AMD MMX Extensions

MMX Extensions Overview

With the release of the Athlon in 1999, AMD extended the standard MMX instruction set with some new instructions. These instructions provide some enhanced conversion and selection instructions, as well as some advanced cache management instructions. Many of these extensions later found their way into SSE.

During the development of SSE, it was somtimes called MMX2. This is incorrect. To further complicate matters, in 2005 Intel announced another SIMD technology named MMX2 for their XScale processor line, which should actually be called WMMX2.

MMX Extensions — Cache Management

Similar to the prefetch and prefetchw instructions, programmers are now given control over which cache level they want the data to be loaded into. This allows a program to only fetch data to the external caches, or all the way into the microprocessor cache.

prefetchnta fetches data into the CPU without using L1 and L2 cache.

prefetcht0 fetches data to all cache levels.

prefetcht1 fetches data to L1 and L2 cache.

prefetcht2 fetches data to just the L2 cache.

We are also provided with an instruction that controls write ordering, which is useful for multi-processor operation.

sfence make all previous writes global. This will force a new write to wait for other writes to complete before executing.

MMX Extensions — Data Movement

These extensions also provide a number of data-moving instructions. These include some configurable data-shuffling instructions, masked moves, and word insertion/extraction.

movntq is a non-temporal write. This means that it bypasses the cache, keeping its contents unchanged. This instruction can only be used to write to memory from a register.

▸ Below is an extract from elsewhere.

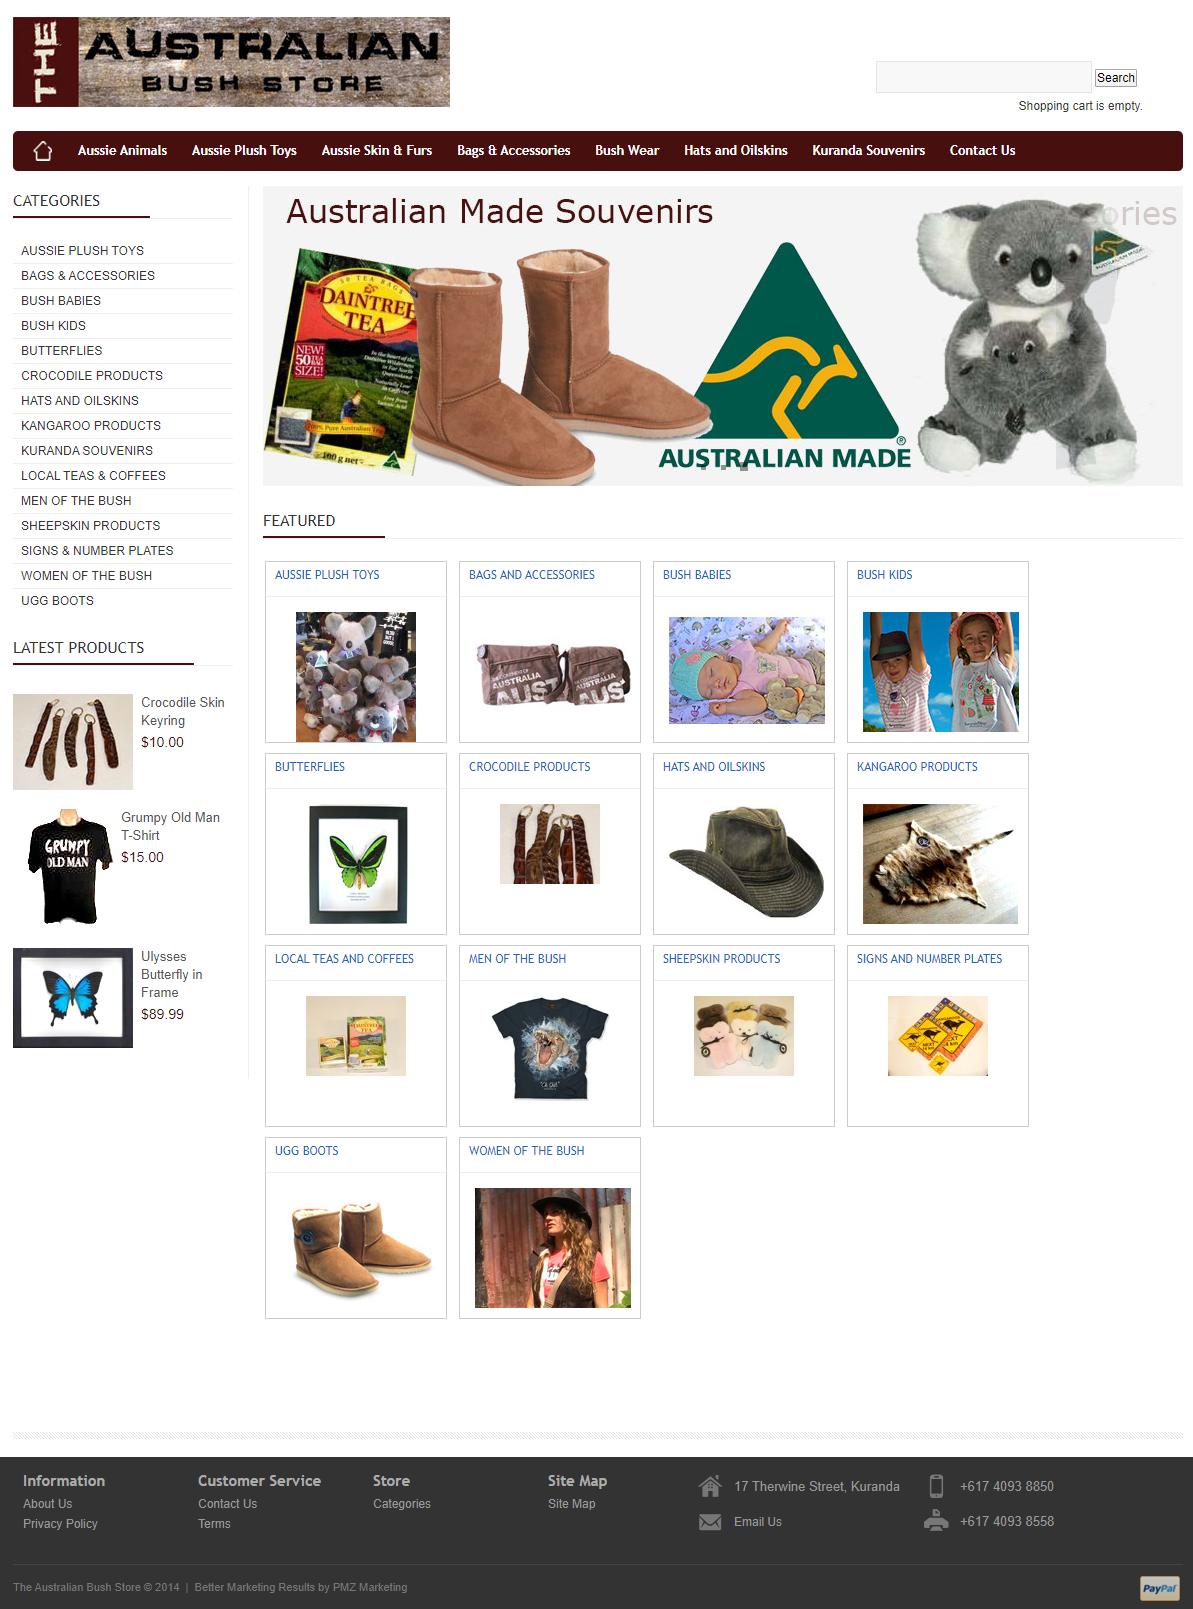 Australian Bush Store :: PMZ Marketing Client

maskmovq is a conditional move. This instrction also bypasses the cache, like movntq. It uses edi to point to a destionation address, and moves bytes from an MMX register to the edi memory location based upon the top bits of each byte of another MMX register. (this really needs an example).

pmovmskb moves to top bits of each byte of an MMX register into the bottom 8 bits of a regular 32-bit register.

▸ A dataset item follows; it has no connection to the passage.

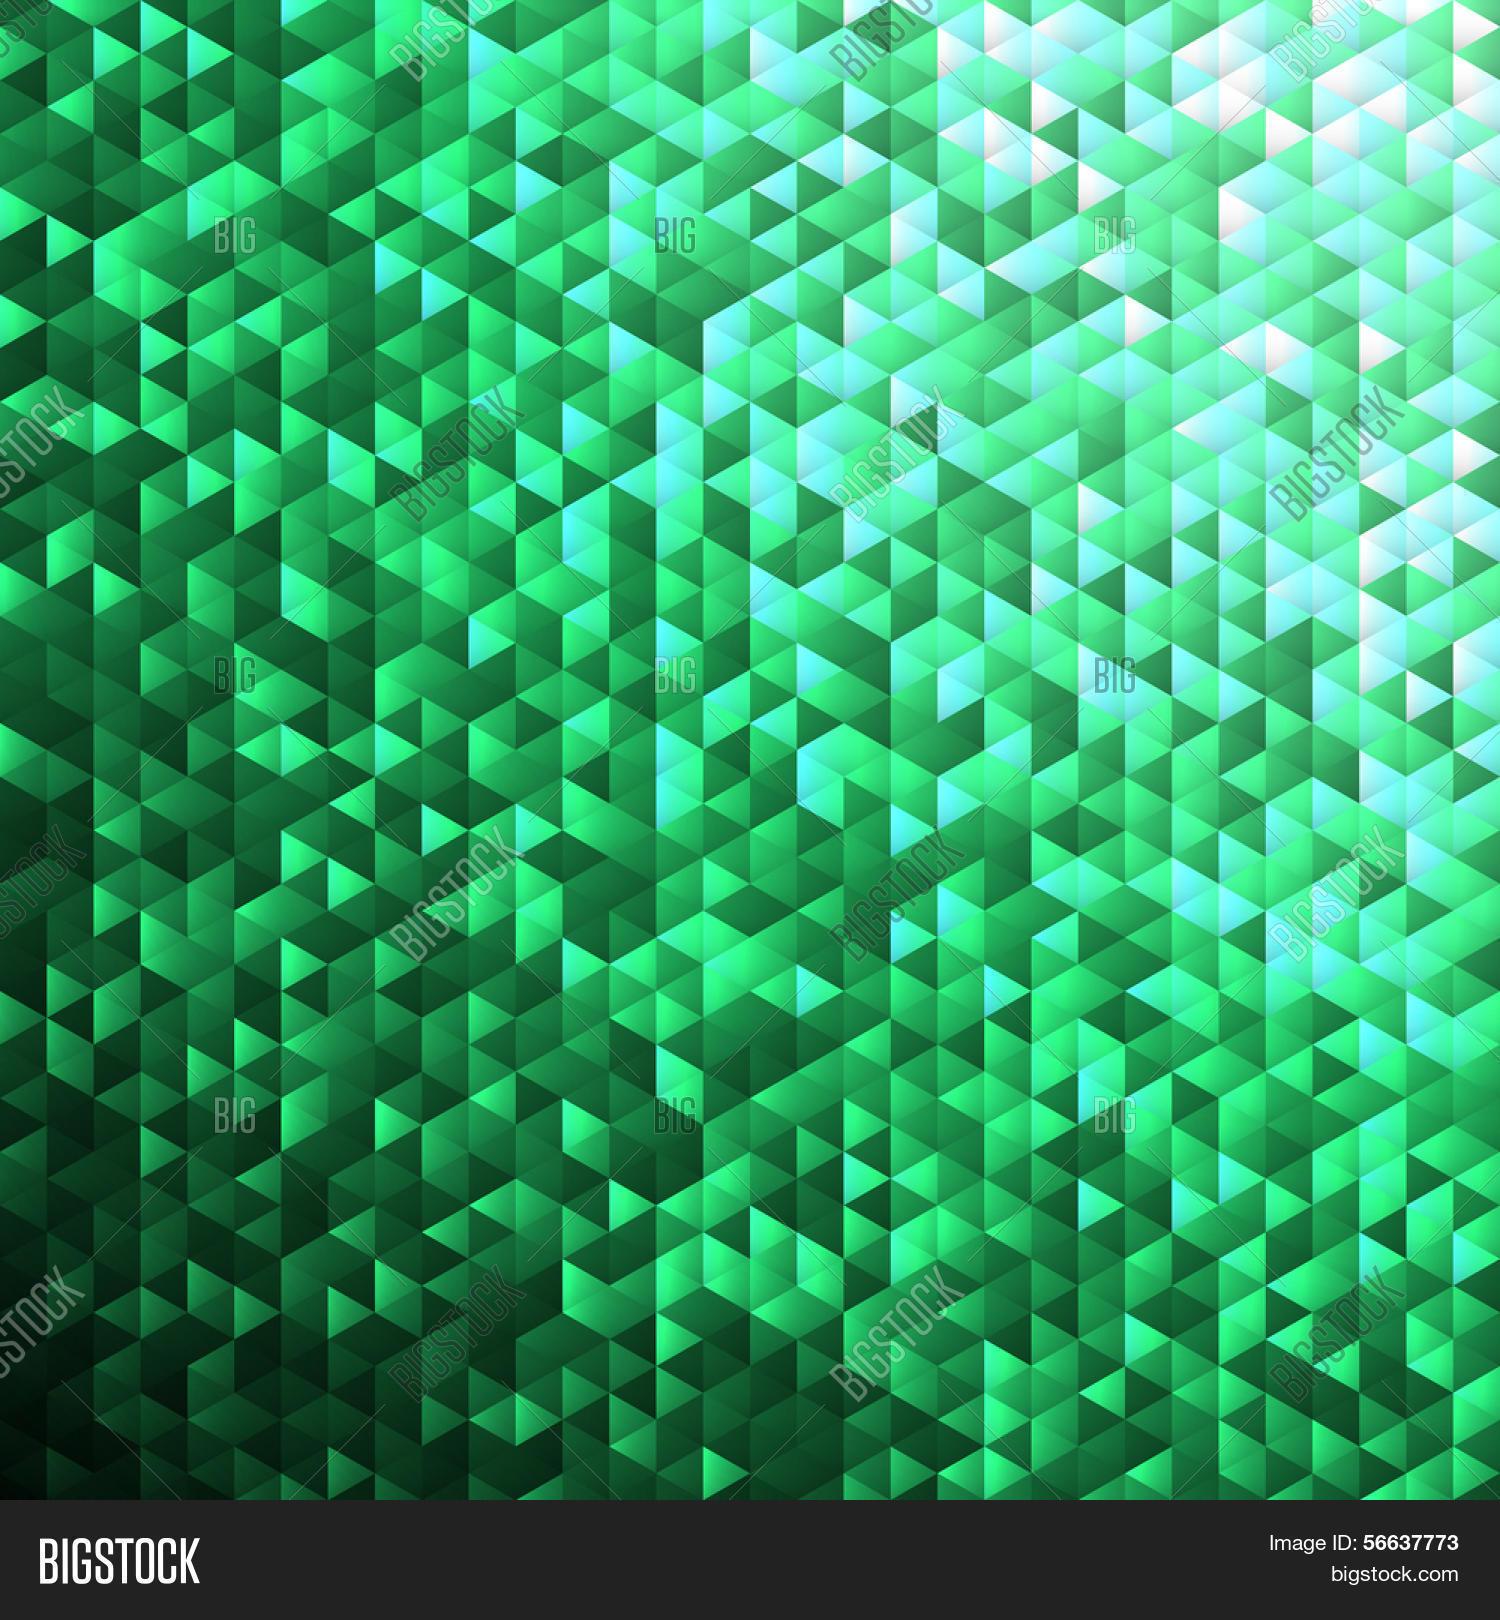 Emerald Green Vector Photo Trial Bigstock 1500x1620

pextrw extracts a selected word from an MMX register into the bottom half of a 32-bit register. Selection is performed by an 8-bit value, of which the bottom 2 bits are used to select which of the 4 words in an MMX register to extract. The top 16 bits of the 32-bit register are set to zero.

pinsrw is just like pextrw, except it moves data from the bottom of a 32-bit register or 16-bit memory location into a selected word of an MMX register. None of the other words in the destionation MMX register are changed.

pshufw is a completely crazy instruction that allows a programmer to shuffle data between 2 MMX registers in 1 of 256 possible ways. It takes 3 parameters; the two MMX registers and an 8-bit permutation value. It uses the permutation byte 2 bits at a time to determine where to shuffle the data from. This needs an example.

MMX Extensions — Integer Operations

AMD's extentions provide several new integer operations as well.

pavgb stores the rounded-up averages of an MMX register and another register or memory location. This instruction is identical to the 3DNow! pavgusb instruction. It operates on bytes, and treats them as unsigned.

pavgw is just like pavgb, except it operates on 16-bit words instead of 8-bit bytes. These are also treated a sunsigned values.

pmaxsw loads a register with the maximum value between that register and another register or memory location. It operates on 16-bit words, and treats them as signed values.

pmaxub is similar to pmaxsw, except it operates on 8-bit bytes instead of words, and threats the values as unsigned.

pminsw loads a register with the minimum value between that register and another register or memory location. Like pmaxsw, it operates on 16-bit signed words.

pminub is just like pminsw except it operates on 8-bit unsigned bytes instead of 16-bit signed words.

pmulhuw multiplies 4 16-bit unsigned words in a register with 4 more in another register or memory location, and stores the top 16 bits of each 32-bit result.

psadbw calculates the sum of absolute differences. What this means is that it calculates the byte difference between a register and another register or memory location, and sums the absolute value of all 8 differences. The result goes into the bottom 16 bits of the first register, and the top 48 bits are set to zero.

Trademark Information

MMX is a registered trademark of Intel Corporation or its subsidiaries in the United States and other countries.

Athlon is a registered trademark of Advanced Micro Devices, Inc.